(Dataset excerpt begins)

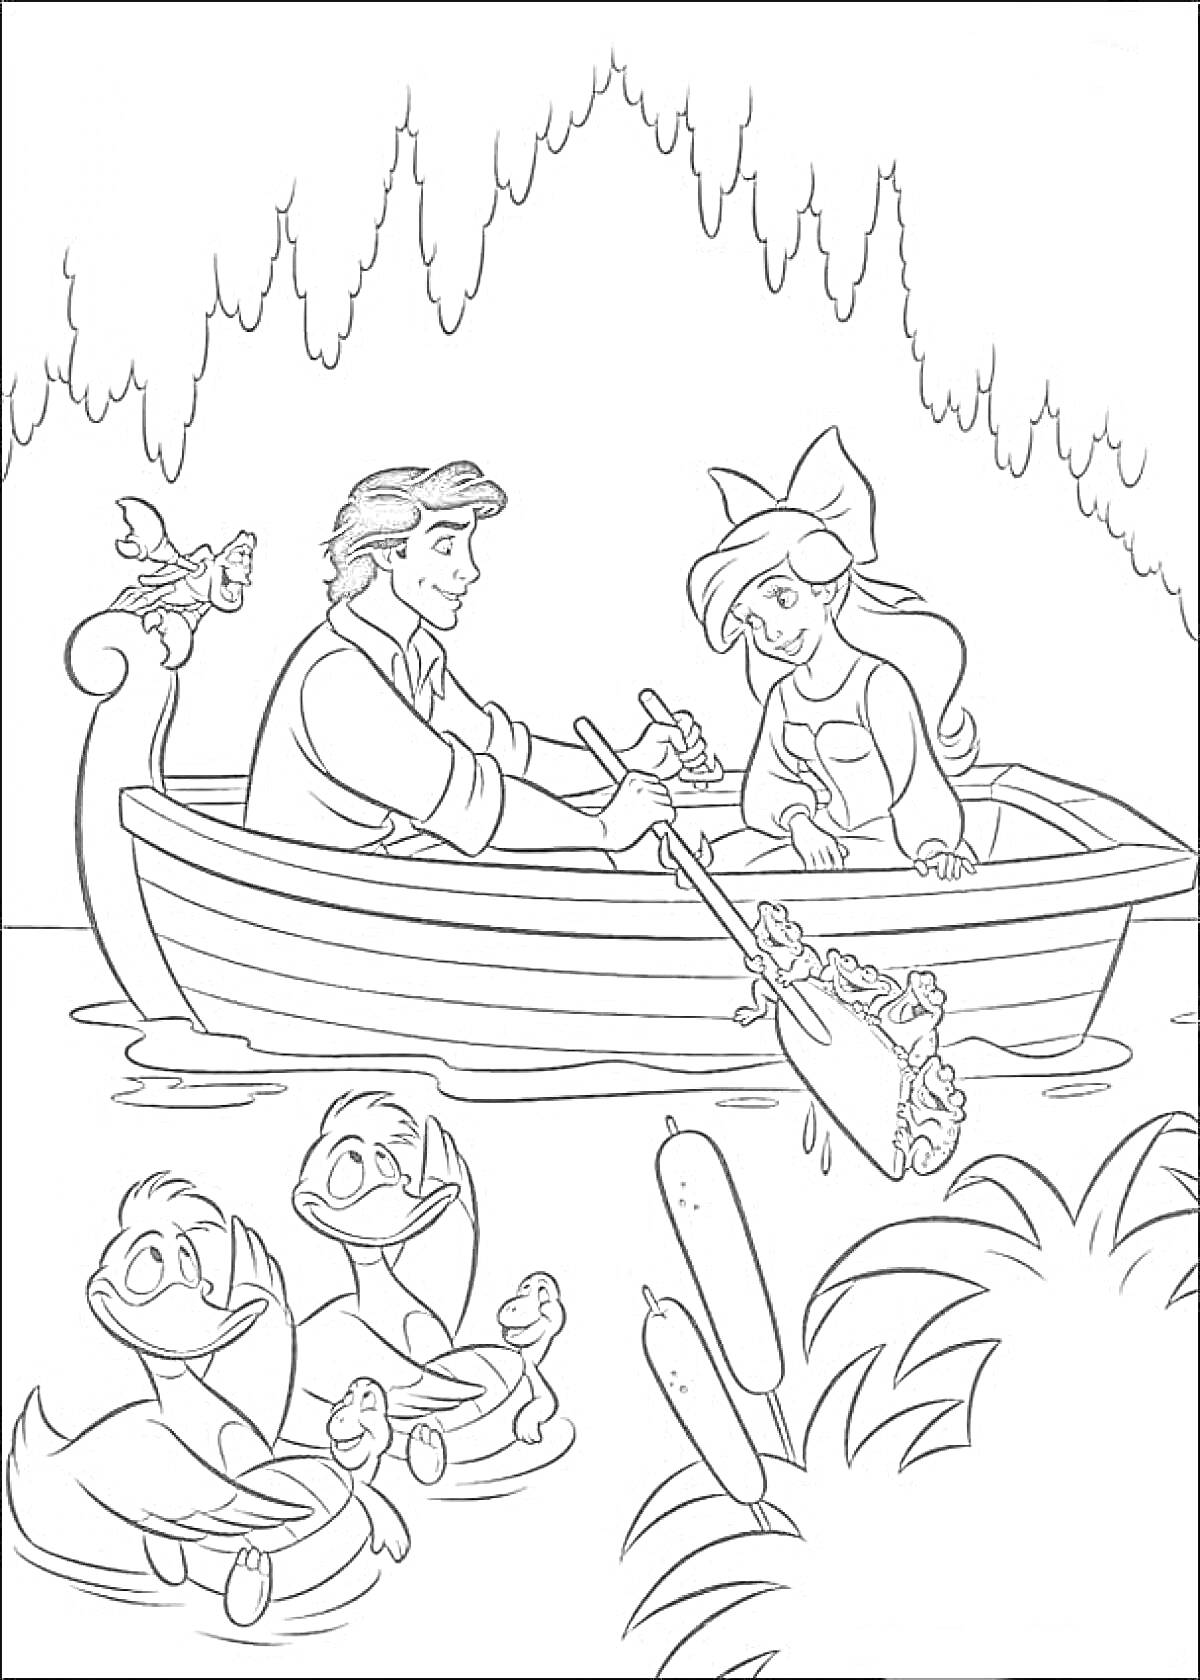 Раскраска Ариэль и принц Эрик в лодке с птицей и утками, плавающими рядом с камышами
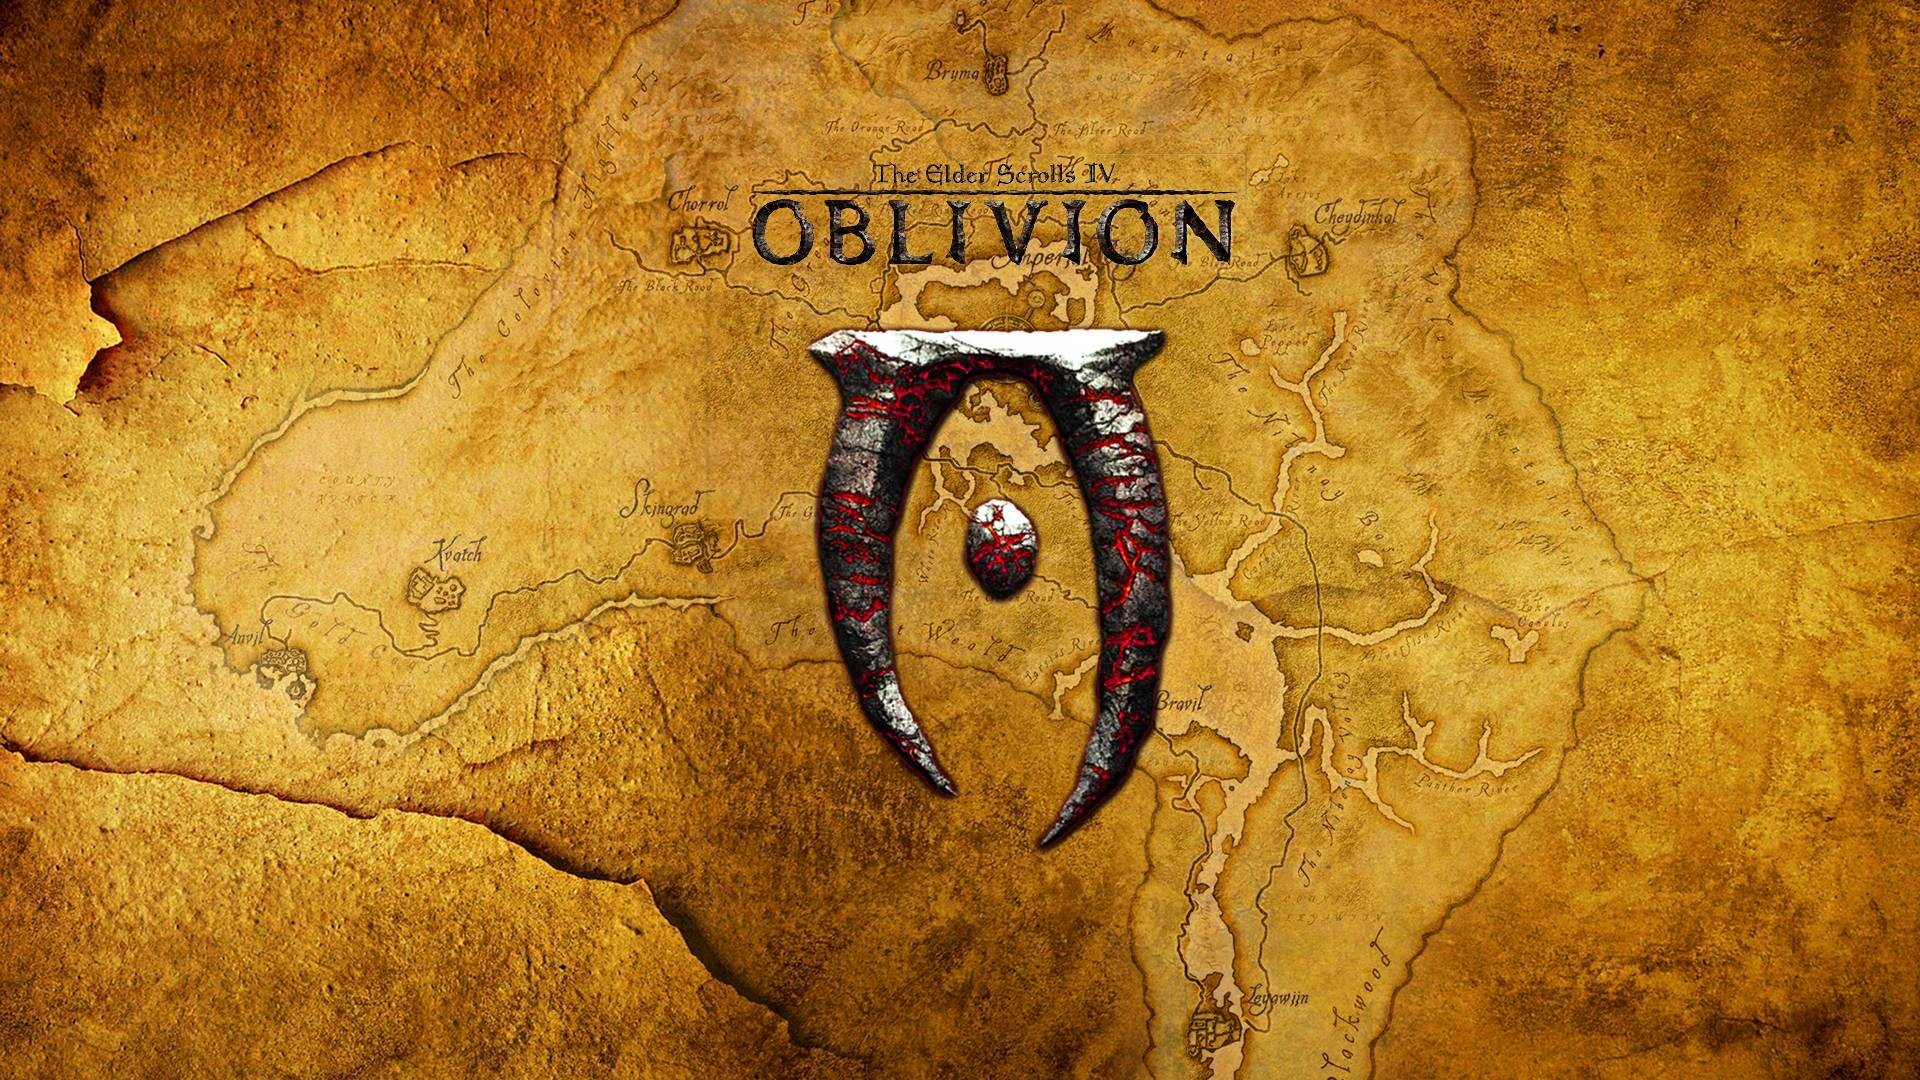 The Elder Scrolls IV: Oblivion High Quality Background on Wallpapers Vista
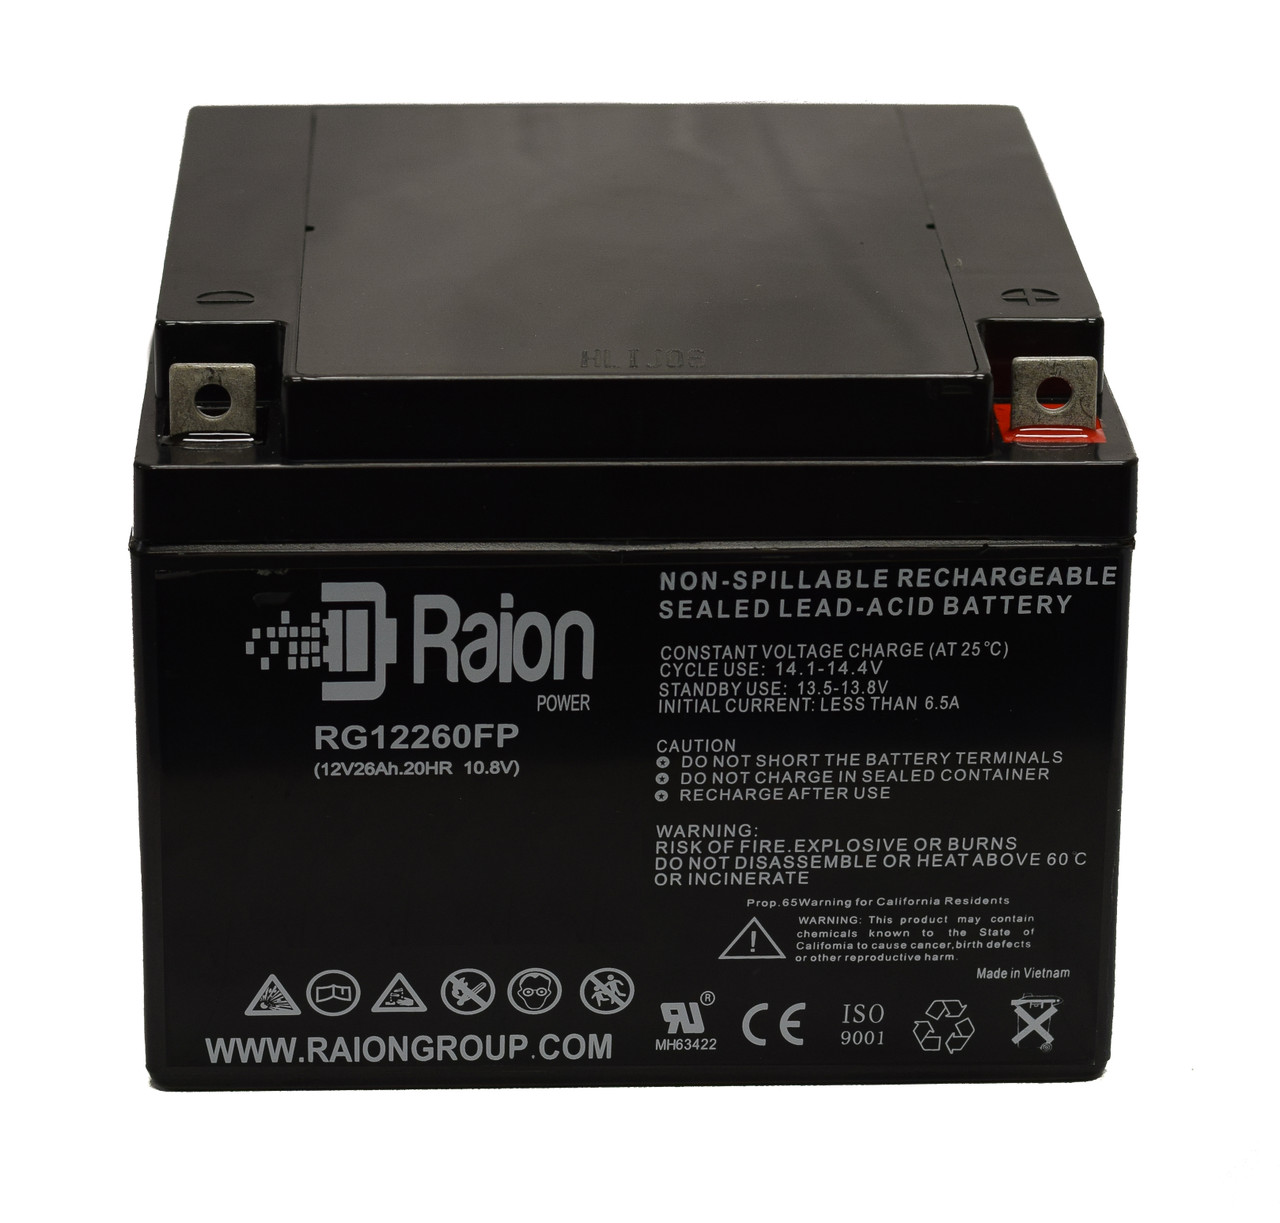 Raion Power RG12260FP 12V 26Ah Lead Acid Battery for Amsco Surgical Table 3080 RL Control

(Dataset excerpt ends)

* _Assigned task_: Going from the line with "The Elder Scrolls" to the last line of the listing, write out each line exactly and nothing else. Leave out all pictures.

* _Expected answer_:
 The Elder Scrolls IV: Oblivion High Quality Background on Wallpapers Vista
 Raion Power RG12260FP 12V 26Ah Lead Acid Battery for Amsco Surgical Table 3080 RL Control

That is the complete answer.